The intake lobe lift is .340 & the exhaust is .346 which gives a 578 intake & 588 exhaust lift with stock 1.7 rocker ratio.

Advertised duration is 274 intake & 280 exhaust.

Also:
Long tube headers and a CAI.


----------



## Route 66 (May 30, 2005)

Gotta get it tuned, baby! That thing will wake up and scare ya!


----------



## PEARL JAM (Sep 6, 2005)

I finally did! And scare me it does! :lol: It now runs the best it ever has. It even has better gas milage, even with the cam. The guy who street tuned it for me used HP Tuners software.


----------



## Route 66 (May 30, 2005)

Outstanding!! I love it when a good plan comes together.
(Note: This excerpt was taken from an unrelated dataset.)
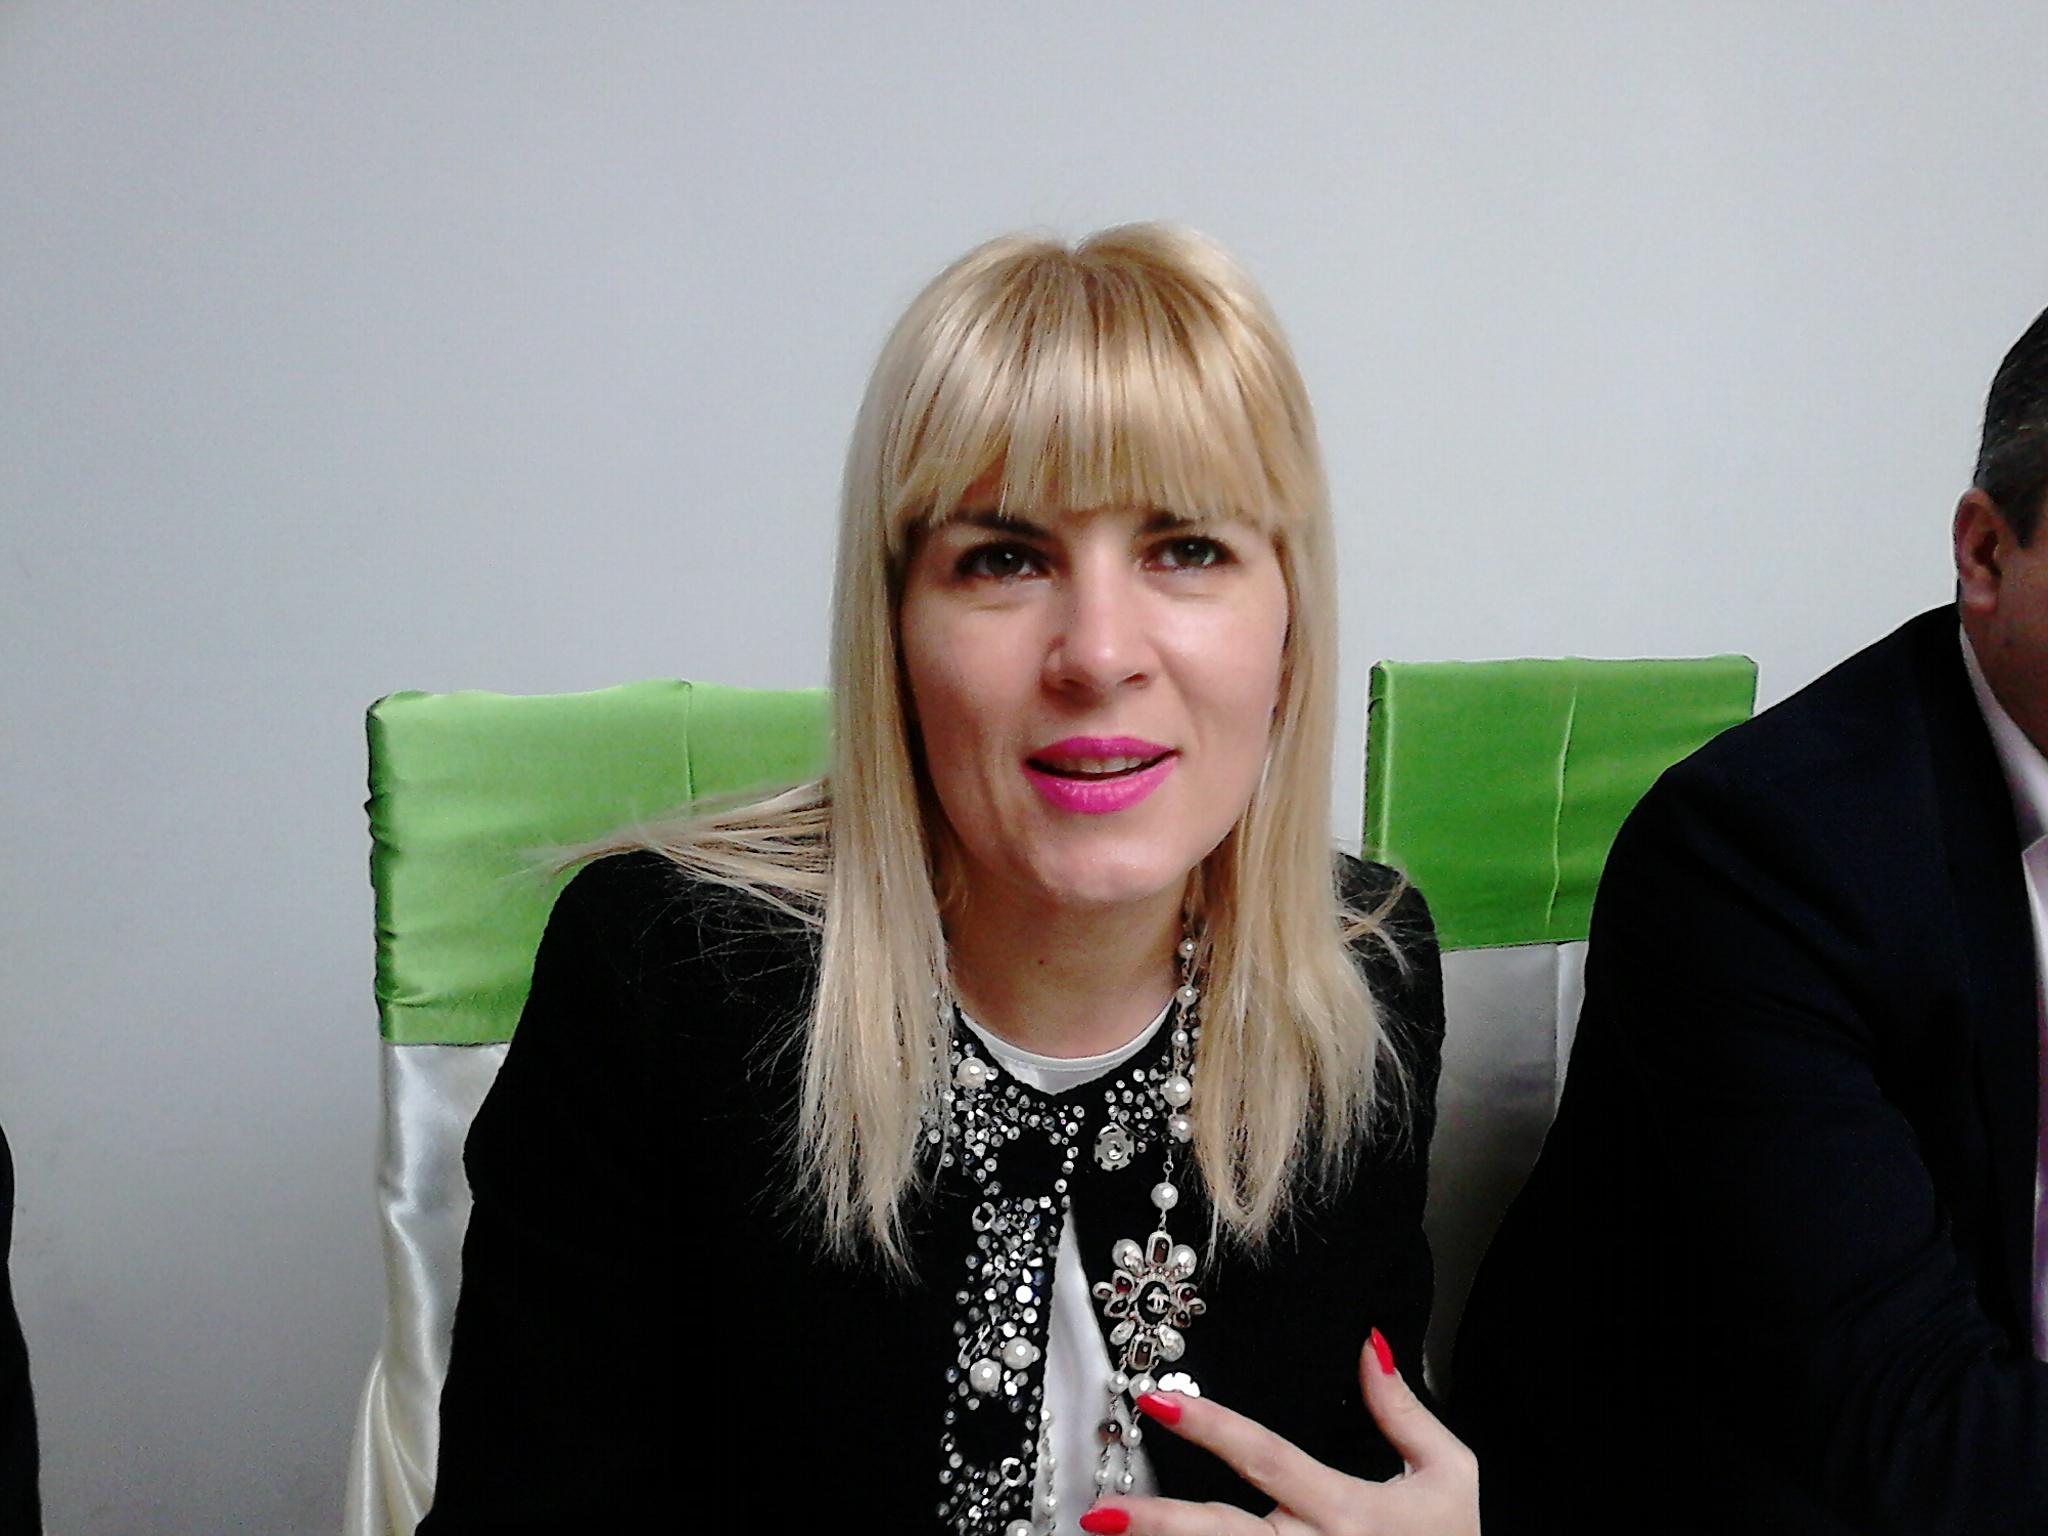 """Elena Udrea: """"Voi fi mai mult decât urmaşa lui Traian Băsescu. Voi numi un nou Guvern, voi dizolva Parlamentul şi voi genera o nouă clasă politică""""!"""

Have fun!


----------



## EEZ GOAT (Jul 9, 2005)

what are you dyno numbers


----------



## svede1212 (Nov 1, 2005)

dyno? hell, give us some track numbers!


----------



## Monaro6MT (Jul 17, 2007)

Hey listen, congrats on the cam! I'm completely clueless on cams and am looking for one for my 06 M6...What kind did you get? What are the specs on it? Thanks man...


----------



## svede1212 (Nov 1, 2005)

Monaro6MT said:


> Hey listen, congrats on the cam! I'm completely clueless on cams and am looking for one for my 06 M6...What kind did you get? What are the specs on it? Thanks man...
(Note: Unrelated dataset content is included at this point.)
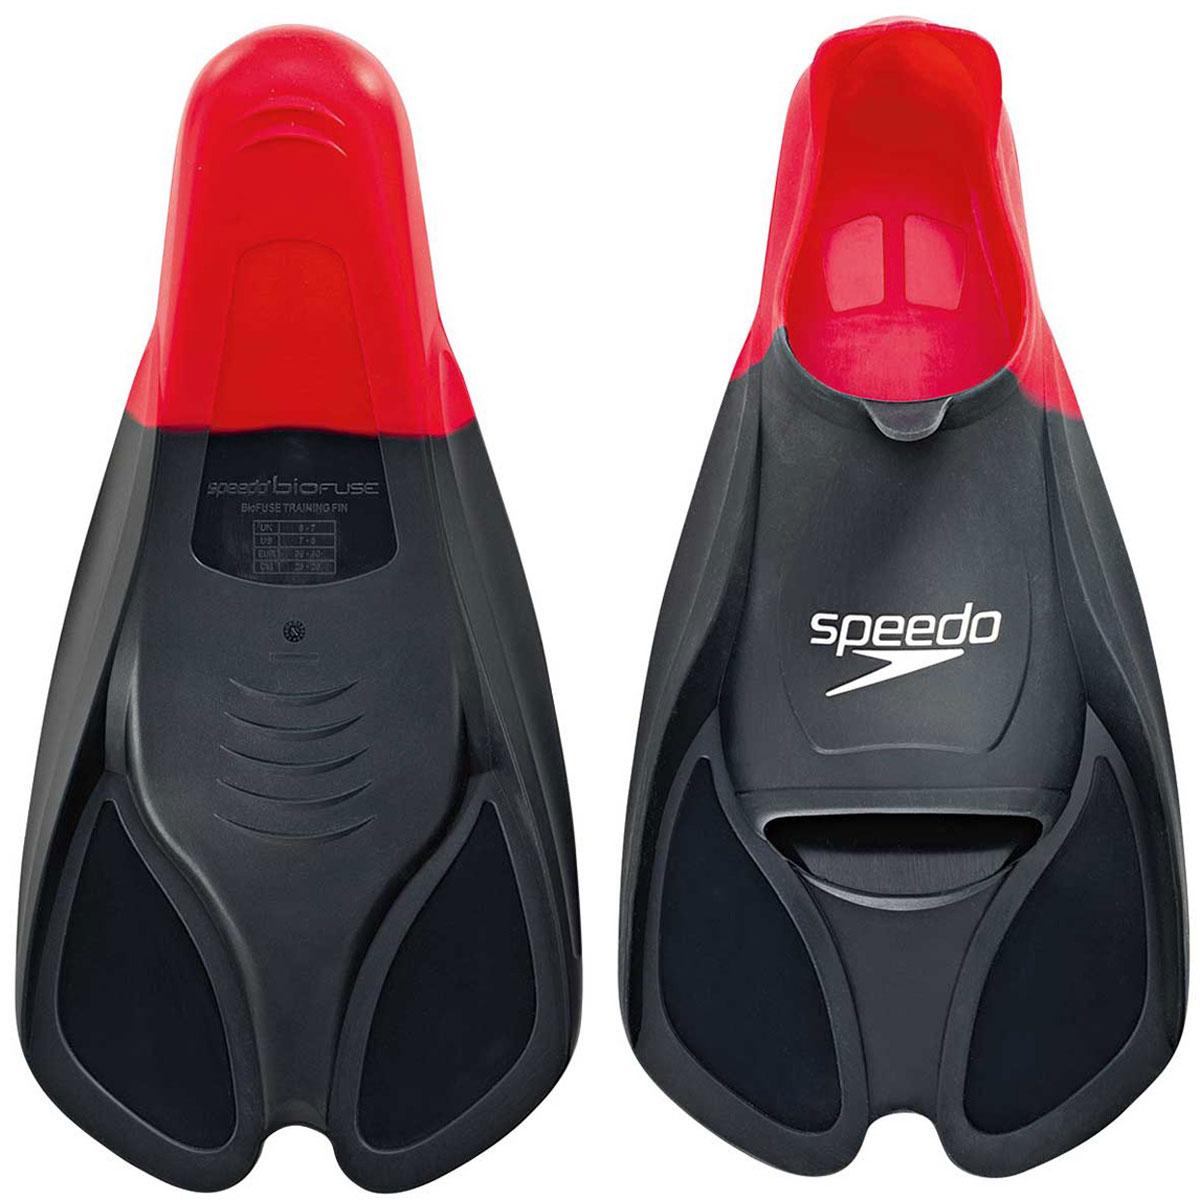 Ласты для плавания Speedo, цвет: красный. Размер 11-12. 8-0884139918-088413991_красный(11-12)Speedo Biofuse Training Fins являются незаменимым аксессуаром для тренировки силы ног, при создании которого использовалась технология SpeedoBiofuse®. Не случайно эти ласты для плавания предпочитает использовать многократный олимпийский чемпион Майкл Фелпс. Достаточно жесткие лопасти позволяют создать мощную тягу в воде при естественном темпе работы ног. Специальный узор на поверхности подошвы позволяет получить надежное сцепление с поверхностью бассейна. Форма башмака Speedo Biofuse Training Fin способствует развитию гибкости стопы, что позволяет сделать работу ног более эффективной. Башмак изготовлен из мягкого силикона, который не натирает кожу и прекрасно растягивается. Ласты для плавания Speedo Biofuse Tech Fin отлично подходят для тренировки работы ног в спринте, а также для повышения качества работы ног во время обучения плаванию. Специалисты Proswim.ru рекомендуют Speedo Biofuse Training Fin спортсменам-спринтерам, а также всем, кто имеет желание увеличить силу ног. Ласты для...

1 really good thing to do ESPECIALLY IF YOU DON"T KNOW is to contact Ed Curtis at Flowtech Inductions. he has a work sheet in which you specify what your goals are and he proposes a couple of options. then he custom grinds a Comp Cam blank and sets you up with all the ancillary parts that you'll need. for a semi aggressive cam i got the Street Sweeper (228/232 .612/.600 111 lsa) that's pretty bad ass . he's a guru on the LSx engines


----------



## Monaro6MT (Jul 17, 2007)

Thanks! Got his contact info?


----------



## PEARL JAM (Sep 6, 2005)

Monaro6MT said:


> Hey listen, congrats on the cam! I'm completely clueless on cams and am looking for one for my 06 M6...What kind did you get? What are the specs on it? Thanks man...


Predator Cams.
Cam specs:
The intake duration @ .050 is 224 & the exhaust @ .050 is 231.
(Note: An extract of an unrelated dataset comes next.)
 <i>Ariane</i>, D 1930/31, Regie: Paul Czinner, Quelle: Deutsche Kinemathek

The intake lobe lift is .340 & the exhaust is .346 which gives a 578 intake & 588 exhaust lift with stock 1.7 rocker ratio.

Advertised duration is 274 intake & 280 exhaust.
Comp 
7.400 stock sized chromemoly pushrods.

I made the mistake of installing waaaaaaay under rated ls6 valve springs, rated to handle only a max cam lobe lift of .580
I had people telling me horror stories of broke springs and dropped valves, so I ordered a set of Comp's 918 "Beehives" which can handle a lobe lift of up to .600.

They were UPS dropped and sitting in front of my house when I got home last night, and gonna install them Friday.









What i've learned from all this: DO A THOROUGH RESEARCH OF ALL NEEDED PARTS BEFOR YOU DO AN INSTALL!! I found myself ordering parts at the last minute, and now I have to have to go back in the motor to install correctly rated springs. Also, a tune is a must after a cam swap. When I first fired it up the car ran like total [email protected] It wasn't till I had a tune done that I was happy. 

As for my tune, it wasn't a dyno tune, it was a street tune. so whatever my h.p. numbers are is a mystery to me. I'm open to anyones' guesstimates.


----------